Шляпу можешь не снимать. Эссе о костюме и культуре - страница 21



«Вдруг сейчас поняла, что почти от всех предметов одежды было впечатление – „не мое“», – написала одна из участниц опроса, чем и дала исчерпывающее обобщение рассказам очень многих респондентов о том, что они воспринимали собственный костюм как чуждый: донашиваемый за другими, купленный не по выбору, а по случаю, сшитый из чего попало – то есть по-настоящему чужой, в прямом и переносном смысле слова.

Ситуация, в которой создание индивидуального костюма становилось крайне трудоемкой и неординарной задачей, вызывала обычно одну из двух реакций: смирение, исключение собственного костюма из сферы намеренных коммуникаций, сознательное или бессознательное принятие решения о «незначимости» одежды («В моем окружении (научные сотрудники и школьные учителя) никто хорошо не одевался, не придавали этому особого значения (или делали вид) – благородная бедность!») – или, напротив, всплеск творческой агрессии, поиск способа заговорить «своим голосом» наперекор навязываемому обстоятельствами невольному «мычанию».

На тех, кто принимал решение идти вторым путем, работало то, что в момент распада единого языка едва ли не любое высказывание естественным образом оказывается по-своему альтернативным, выделяющимся на фоне остальных именно из‑за отсутствия общего «большого стиля», основы для сопоставления (чем и отличалось «новое разнообразие»). Таким образом, одним из общепонятных слов в языке костюма 1990 года, наряду с некоторыми приводившимися выше, оказалось слово «другой», «иной», «оригинальный» (в широком смысле); как писала одна из интервьюируемых в ответ на вопрос: «Важно ли было, как вы одеты?» – «Очень важно и переживательно. Подружки одевались лучше (дороже). Зато я – более оригинально». Зачастую слово «другой» использовалось по интересной схеме: в свете невозможности сделать при помощи костюма утвердительное индивидуальное высказывание костюм часто использовался для построения того же утверждения методом «от противного». То есть для того, чтобы сказать: «я – не все остальные». Речь зачастую шла не о сознательной альтернативности, а о том, чтобы компенсировать именно невозможность одеваться так, как хочется, в соответствии с самоощущением, компенсировать чувство собственной «неуспешности» в новом мире, уже описанное выше. «Чтобы окружающие меня за немодность не дразнили, я придумала гениальную отмазку: мне не нравится быть как все. Более того, я в нее искренне поверила». Иногда такая заявка о собственной индивидуальности делалась путем присвоения идентичности группы, в которой код одежды был более комфортным и легко усваиваемым: «…помнится, очень хотелось быть особенно одетой, но средств не было, поэтому стиль назывался – типа „хиппи“».

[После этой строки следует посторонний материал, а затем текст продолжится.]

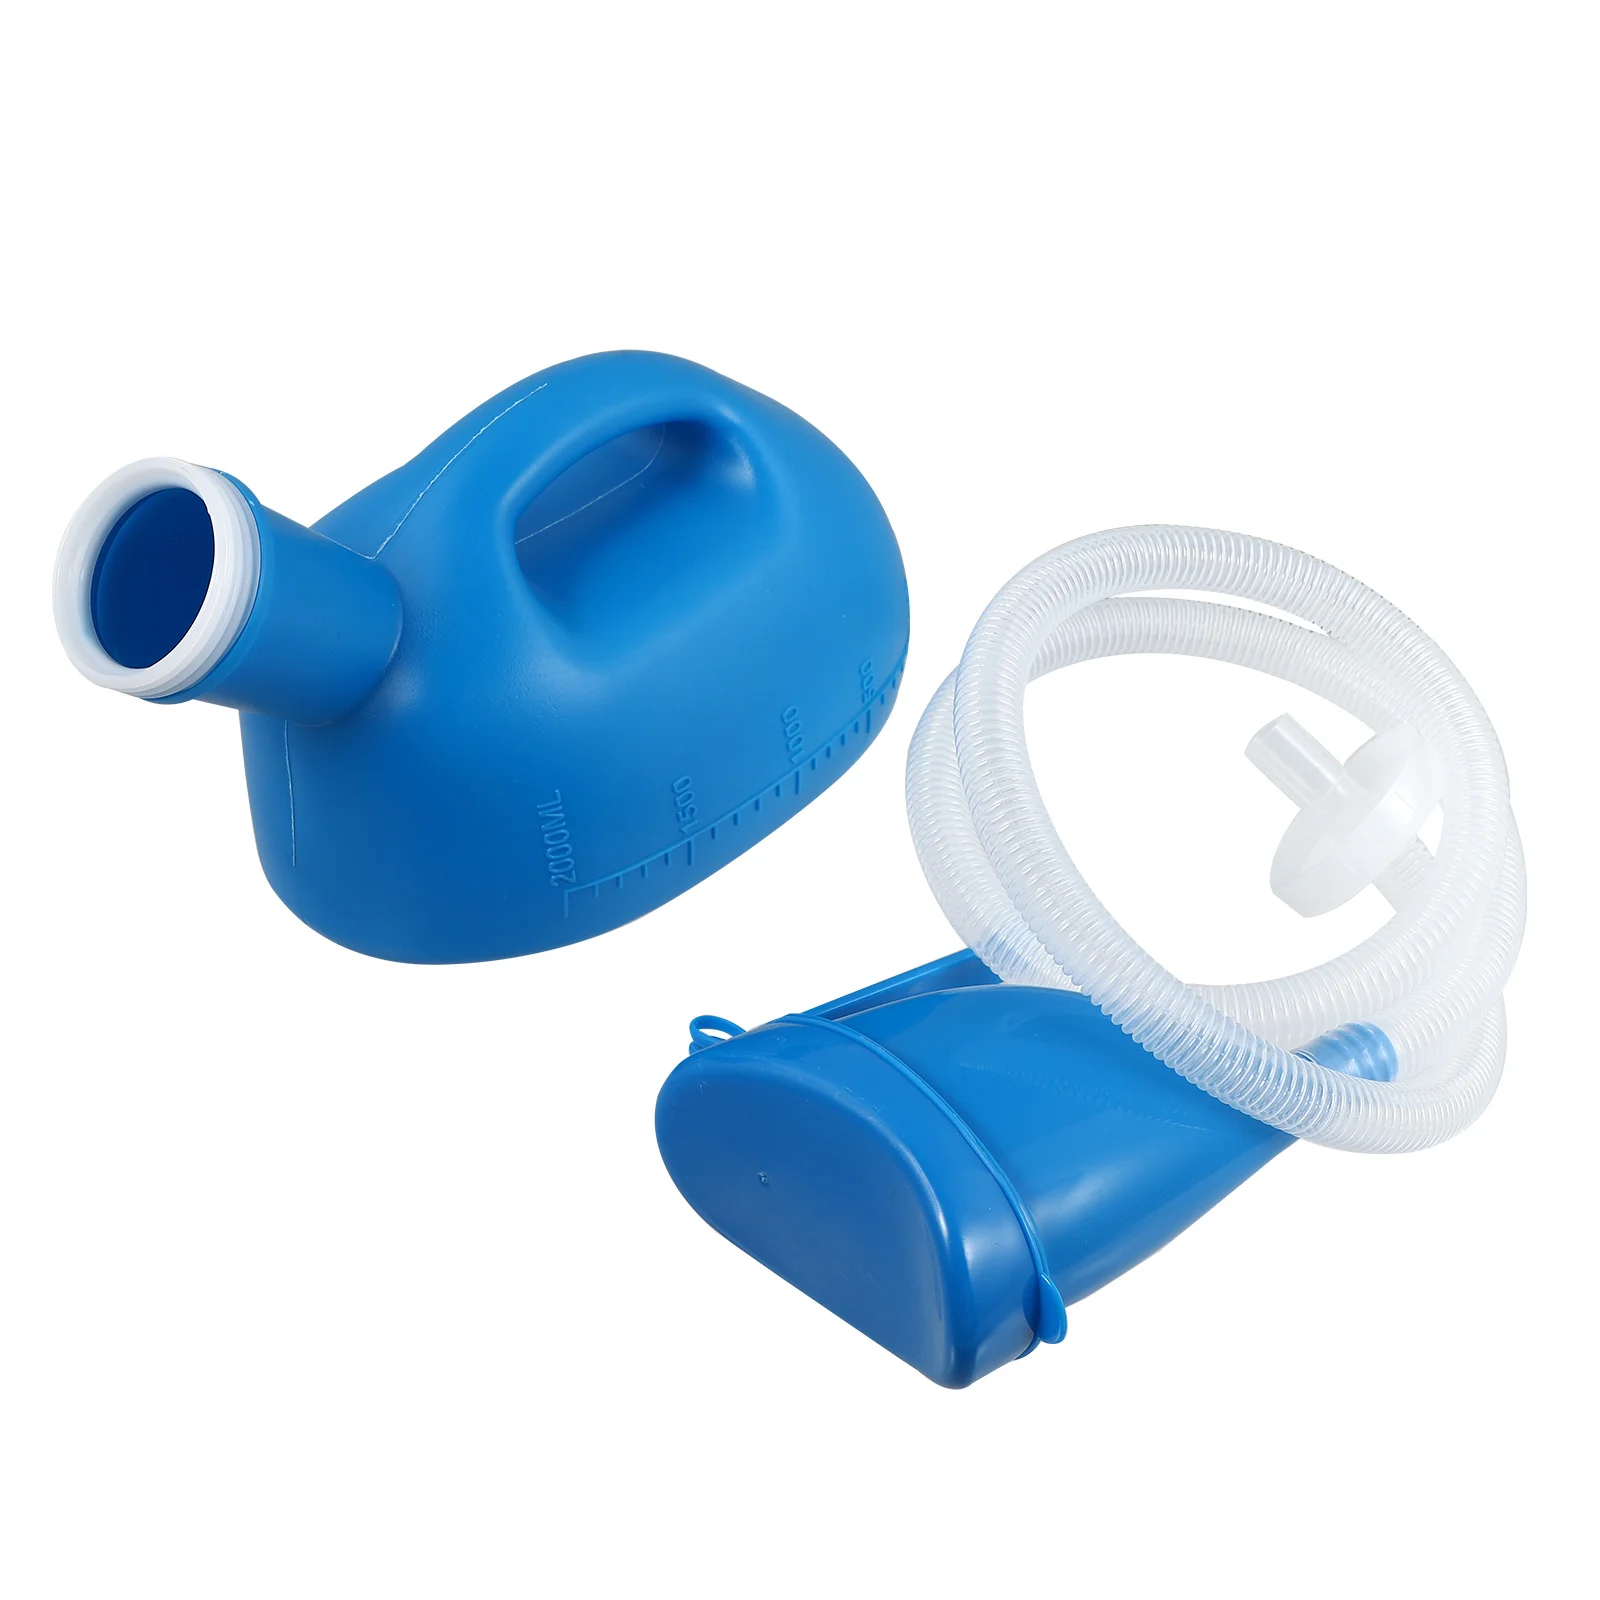 

Portable Urinals for Men and Women in Hospitals, Beds, Wheelchairs, Camping, and Travel
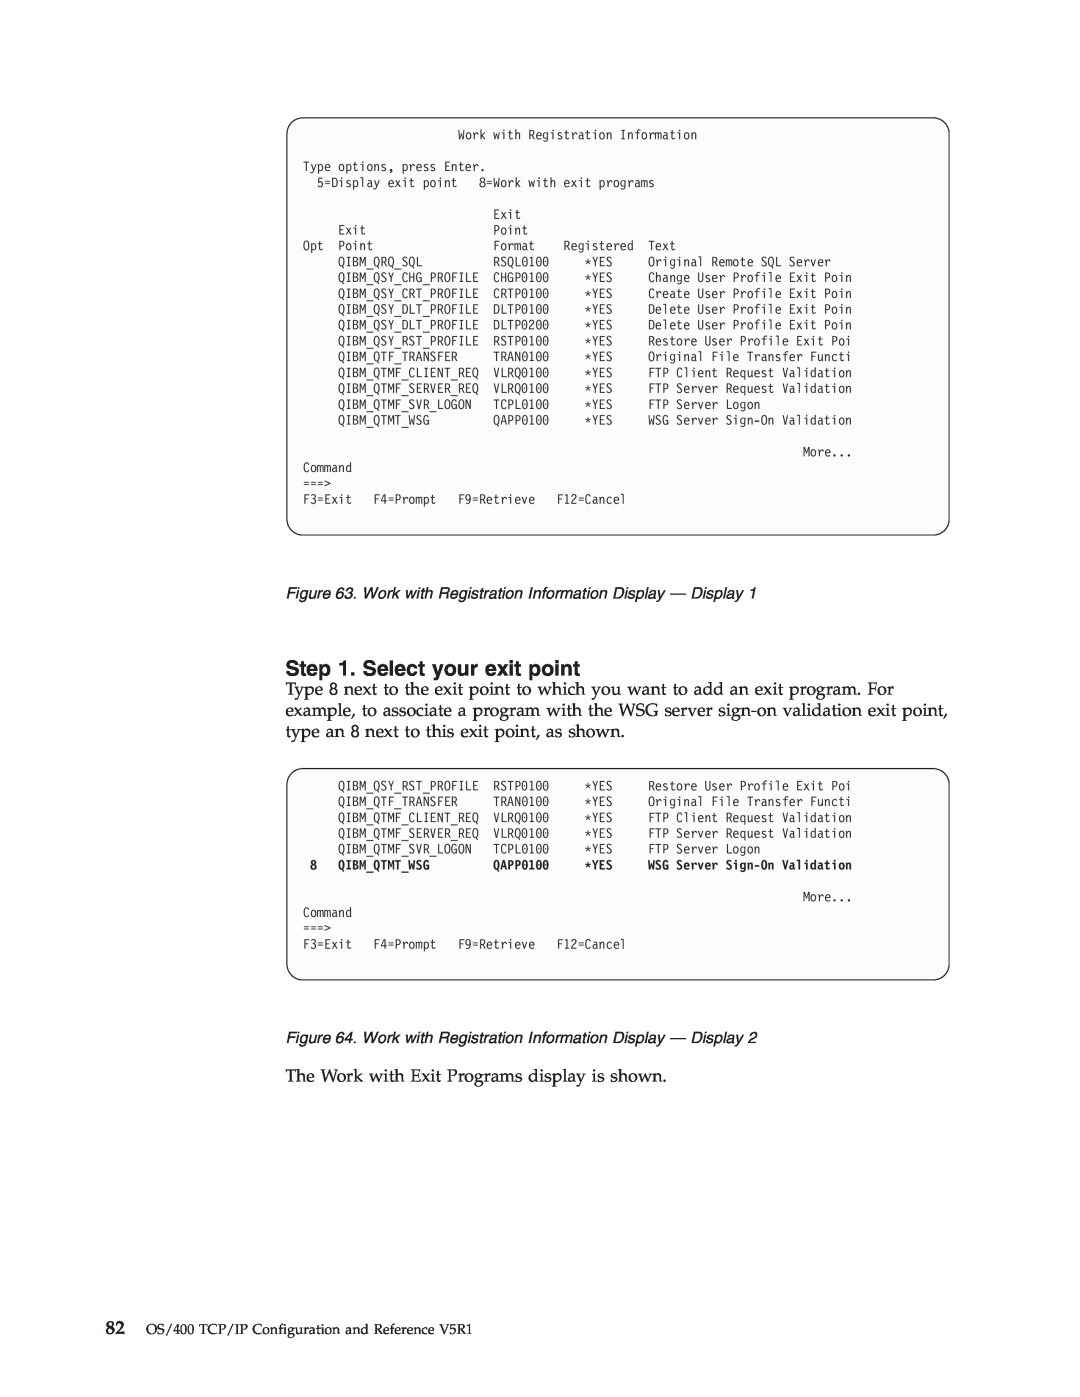 IBM SC41-5420-04 manual Select your exit point, The Work with Exit Programs display is shown

Для выражения «инакости» человека его костюм мог быть намеренно утрированным и театрализированным, причем практика эта распространялась отнюдь не только на богему, представителей творческой молодежи или субкультур, как это бывает в рамках устоявшегося модного пространства: театрализация костюма была необходима в качестве компенсации за невозможность одеться по желанию при помощи менее экспрессивных методов: «Ходил в поношенном папином пиджаке, но в петлице носил пластмассовую алую гвоздику»; «…наша компания пыталась создать некоторый „намек на историчность“, лично я вышил сам методом „ришелье“ три или четыре кружевных ворота… <…> …ручная вышивка, колет, прочие прелести. Играли, как могли». Иногда показная театральность принимала буквальный характер: «Иногда брала в театральной студии костюмы (под платья конца XIX в.) и ходила в них»; «Игралась в Машу из „Чайки“: „Отчего вы все время ходите в черном? – Это траур по моей жизни, я несчастна“». Определить, была ли интенция носить «все черное» эстетической или прагматической, трудно – как уже указывалось, перекрашивание вещей в черный цвет было одним из самых простых и распространенных методов создания костюма, сколько-нибудь пригодного для носки. Когда один из интервьюируемых пишет: «…вот одноклассник мой как-то в школу в ватнике ходил в порядке эпатажа», то, вспомнив многократно цитировавшиеся здесь жалобы на невозможность достать теплую одежду, начинаешь предполагать, что эпатажность одноклассника была в лучшем случае лишь одной из причин ношения ватника.